Филипп вернулся не один. С ним шла, прихрамывая, девушка в пушистом платке, в теплом жакете, с узелком в руках.
— Я знала, что вы придете. Поздновато только. Нету уже нашей бабушки Софьи, — сказала девушка и тут же зарыдала, сотрясаясь всем телом.
Все молчали. Шумел лишь ветер в верхушке казацкого дуба — и так тоскливо, будто плакал.
— Я с вами, командир! — наконец вытерла слезы Таня. — Если не возьмете, покончу с собой!..
Последние слова были сказаны почти что шепотом, но с такой решимостью, что человек, знающий цену горю, несчастию и смерти, не мог не поверить. Глубокая рана, которую носила в сердце эта красивая семнадцатилетняя девушка, все время кровоточила… Шмель Мукагов решительно отрубил рукой:
— Мы возьмем тебя, Таня!
Бойцы и дядька Филипп пошли тропинкой вниз, а Шмель с Таней на мгновение задержались у дуба.
— Таня, — тихо сказал Шмель, — нас послал сюда Семен Кондратьевич. Мы должны были узнать и о сабле.
— Я видела ее! — горячо сказала Таня. — Видела я саблю. А где она, не знаю… Бабушка не доверила мне этой тайны. А знает о ней только один человек. На третий месяц войны зашел к нам пограничник, тоже друг Андрея…
— Не может быть, чтобы это был Артур Рубен! — нетерпеливо перебил Шмель. — Артур тогда был в Харькове, а потом мы вместе… Подожди, Таня!
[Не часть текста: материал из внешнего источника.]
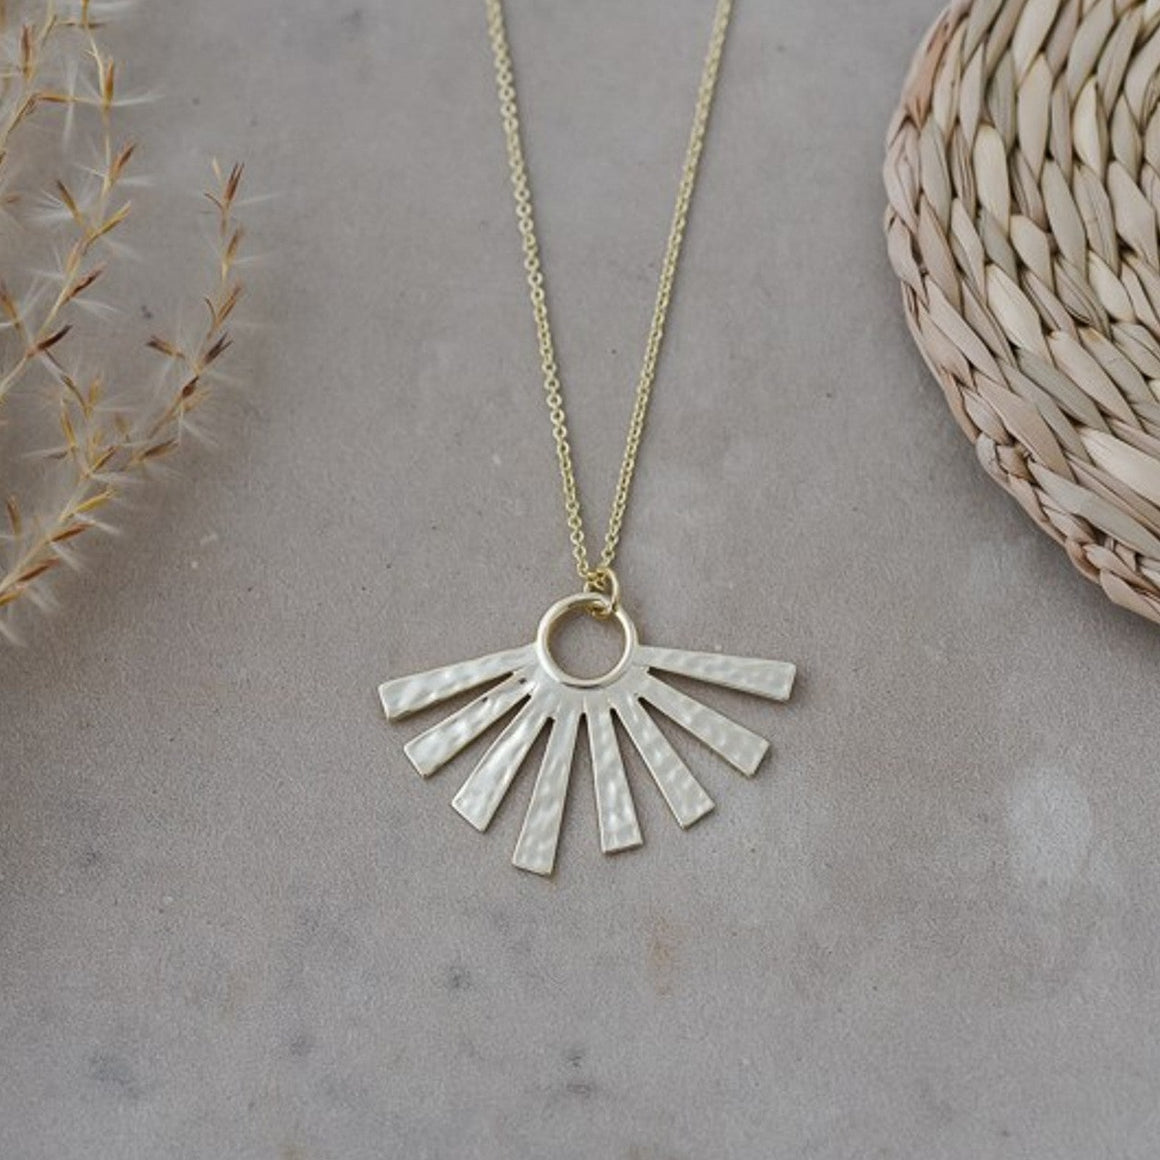 Beaming Brightly Necklace

Этот капитан Рубенис, случаем, не с нашей заставы?
— Да с вашей же! Не даете и договорить… — легко упрекнула Таня.
— Голова кругом идет. Рубен и Рубенис, Перелетный и тип, который сдался в плен в начале войны, тоже с такой фамилией. И еще пограничник, который должен знать о сабле. Говори, кто он?
— Что ж я, виновата, что ваша застава всюду успела на войне?.. Шел в сентябре из Молдавии еще один друг Андрея. Там он прятался у людей, рана у него была глубокая. Он еще и разделся при бабушке Софье, чтобы не подумала, будто он дезертир.
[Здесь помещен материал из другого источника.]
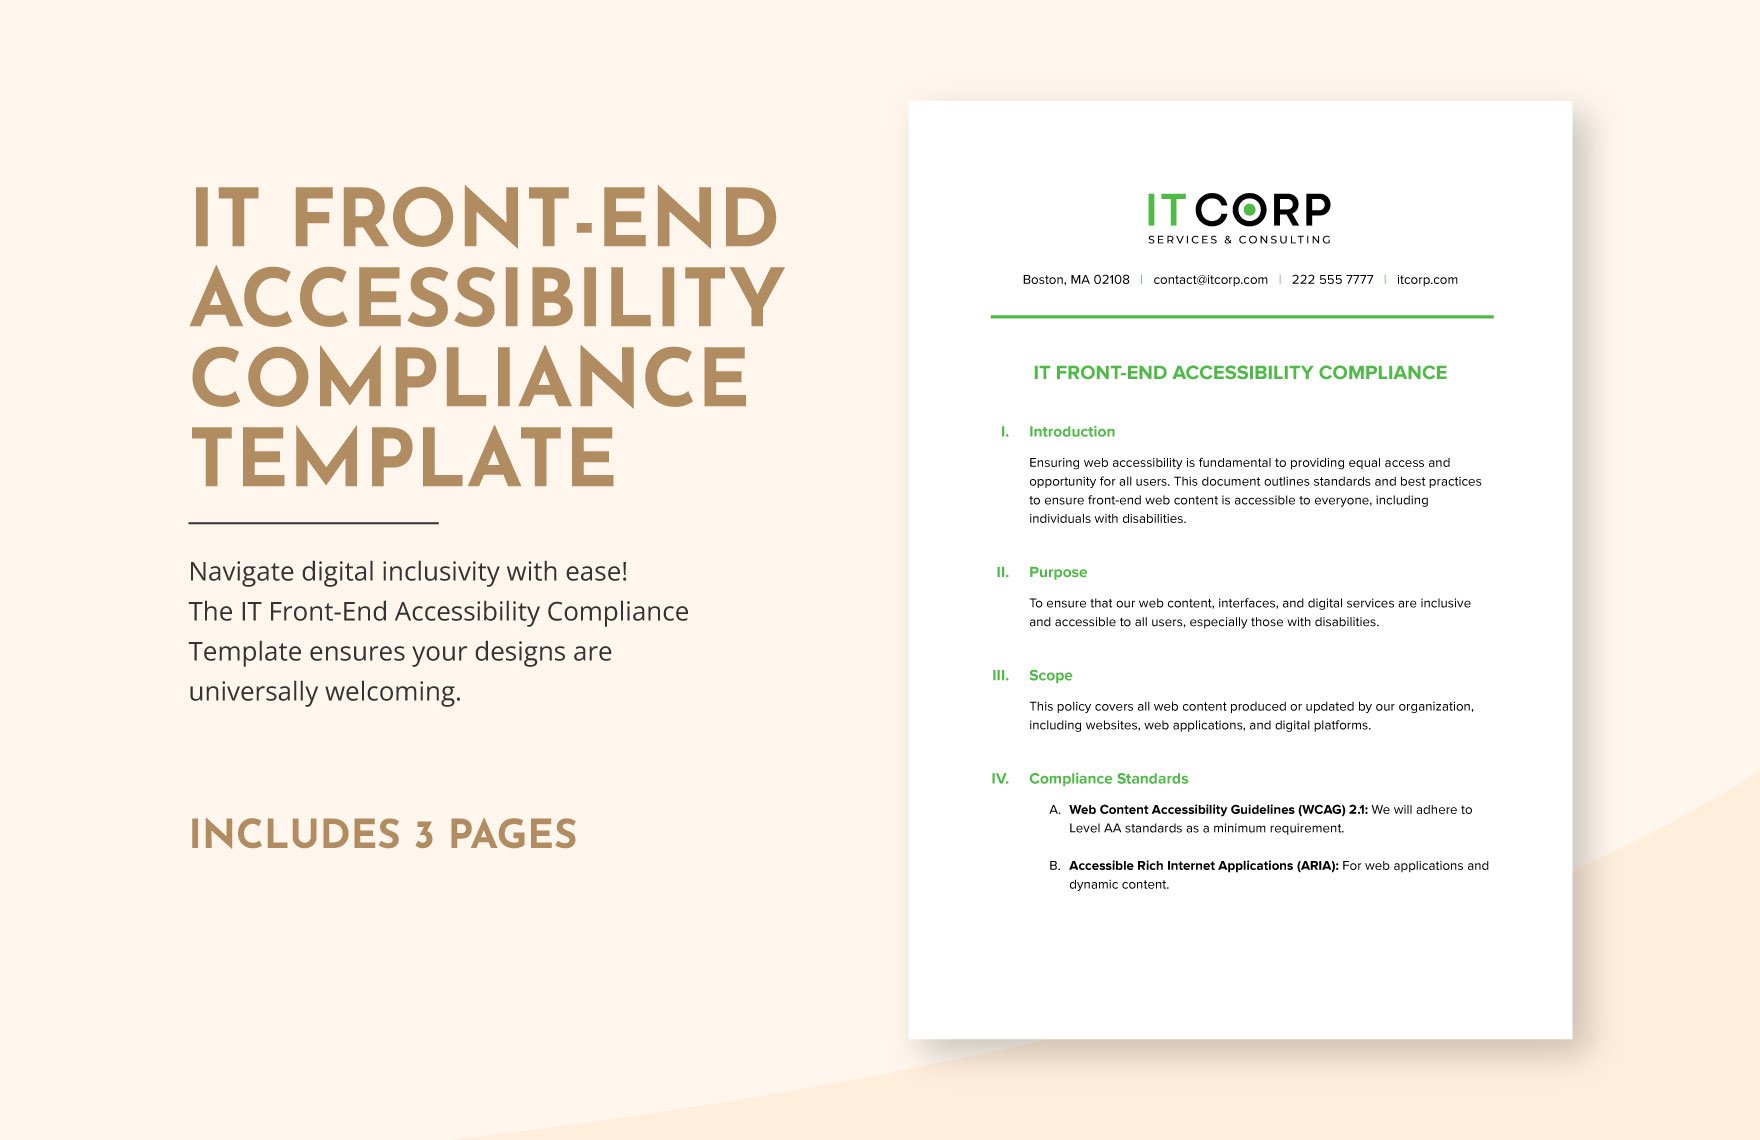 IT Front-End Accessibility Compliance Template

— А имя его, фамилия? — прямо горел Шмель.
— Почему-то не назвал мне. Но он больше с бабушкой говорил. А когда спросили, как его ранило, сказал, что один пошел на немецкий танк. Там у гусеницы и остался, а немцы не вышли добить или подобрать его, им было не до того. Спешили на переправу к Днестру.
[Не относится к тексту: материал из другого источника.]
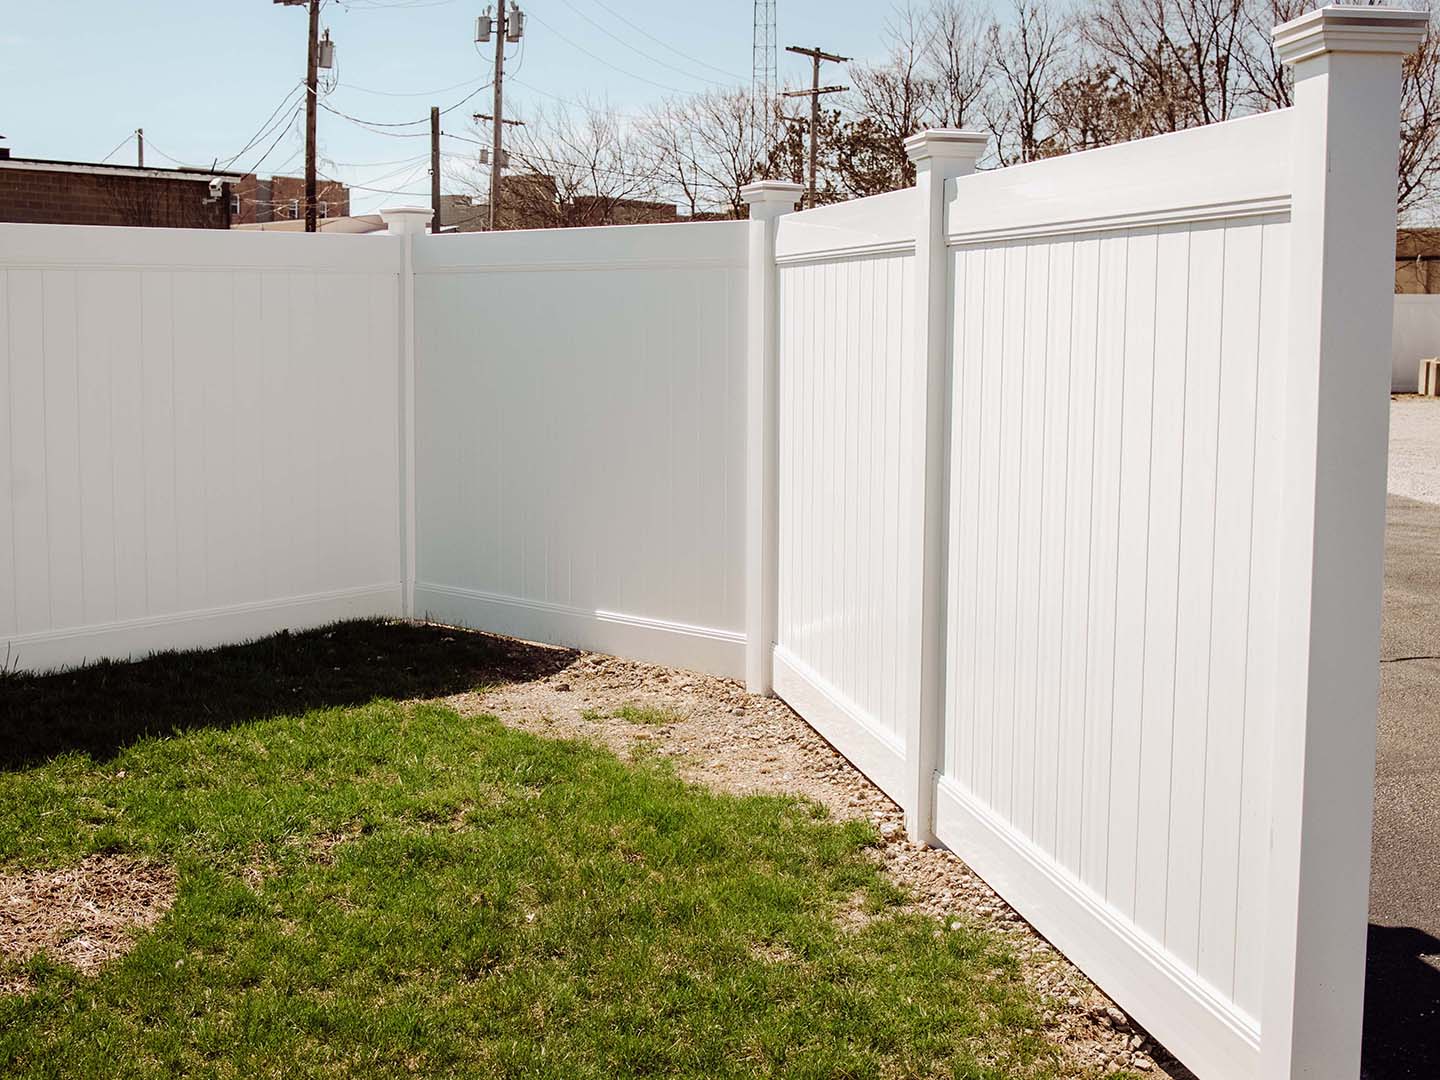 Kouts Indiana vinyl privacy fencing

— Таня! — взял девушку за плечи Шмель. — Кто бы мог подумать, что можно вернуться с того света! Я тоже был на той дороге. Неужели это наш Терентий? — Он вдруг засмеялся, показав ровные белые зубы. — Теперь можно не сомневаться, тайна казацкой сабли генерала Шаблия в наших руках. Мы знаем, где искать Терентия Живицу!

19

Когда штурмбаннфюрер Вассерман привез Рубена в село под Белую, чтобы выпытать там у него о казацкой сабле, в беспросветную жизнь Артура вдруг проник теплый, ласковый луч — им была украинская золотоволосая девушка, словно вышедшая из латышской сказки. Артур вдруг осознал, что жизнь была, есть и всегда будет, как бы ни силились растоптать, раздавить ее фашисты. Встреча с Таней, короткие взгляды измученных палачами людей, воистину героическая смерть народной художницы Софьи Шаблий — все это влило в истерзанное тело и душу Артура столько сил, энергии, что весь огонь, муки, через которые он прошел в плену, отступили, в сердце зародилась надежда выстоять, победить.
После допроса в доме доктора Артур лежал на обмолоченных снопах ржи, заложив руки за голову, и смотрел в верхнее окошко на звезды, которыми было усеяно небо. Он ждал поздней ночи, когда конвоиры крепко уснут после распитой во время ужина фляги шнапса.
Вскоре захрапел тот, который облюбовал себе место на кровати. Бормотал что-то сонным голосом и другой солдат. Артур решил, что настала пора, и притворно сонным голосом обратился к своему охраннику:
— Мне нужно выйти…
Конвоир стал будить другого солдата: один выводить Рубена не решался — знал, что это необычный пленный, что он нужен не только штурмбаннфюреру Вассерману, но и высшим чинам гестапо. Второй солдат недовольно пробурчал:
— Заставь его снять обувь, не давай шинель. Босой на морозе далеко не убежит.
Эсэсовец долго зевал, пошлепывая ладонью по губам, ругался, а потом, убедившись, что пленник разут, взял автомат.
— Давно бы тебя прикончить, проклятый латыш! Возятся тут с тобой! — толкнул конвоир в спину Рубена.
Пленный впереди, а за ним два солдата-эсэсовца вышли из хаты на крыльцо. Из дверей вырывался пар. Стоял небольшой морозец, в замерзших лужах отражались осколки звездного неба. Артур ступал по мерзлой земле босыми ногами, но не ощущал ни боли, ни холода. Он жил одним…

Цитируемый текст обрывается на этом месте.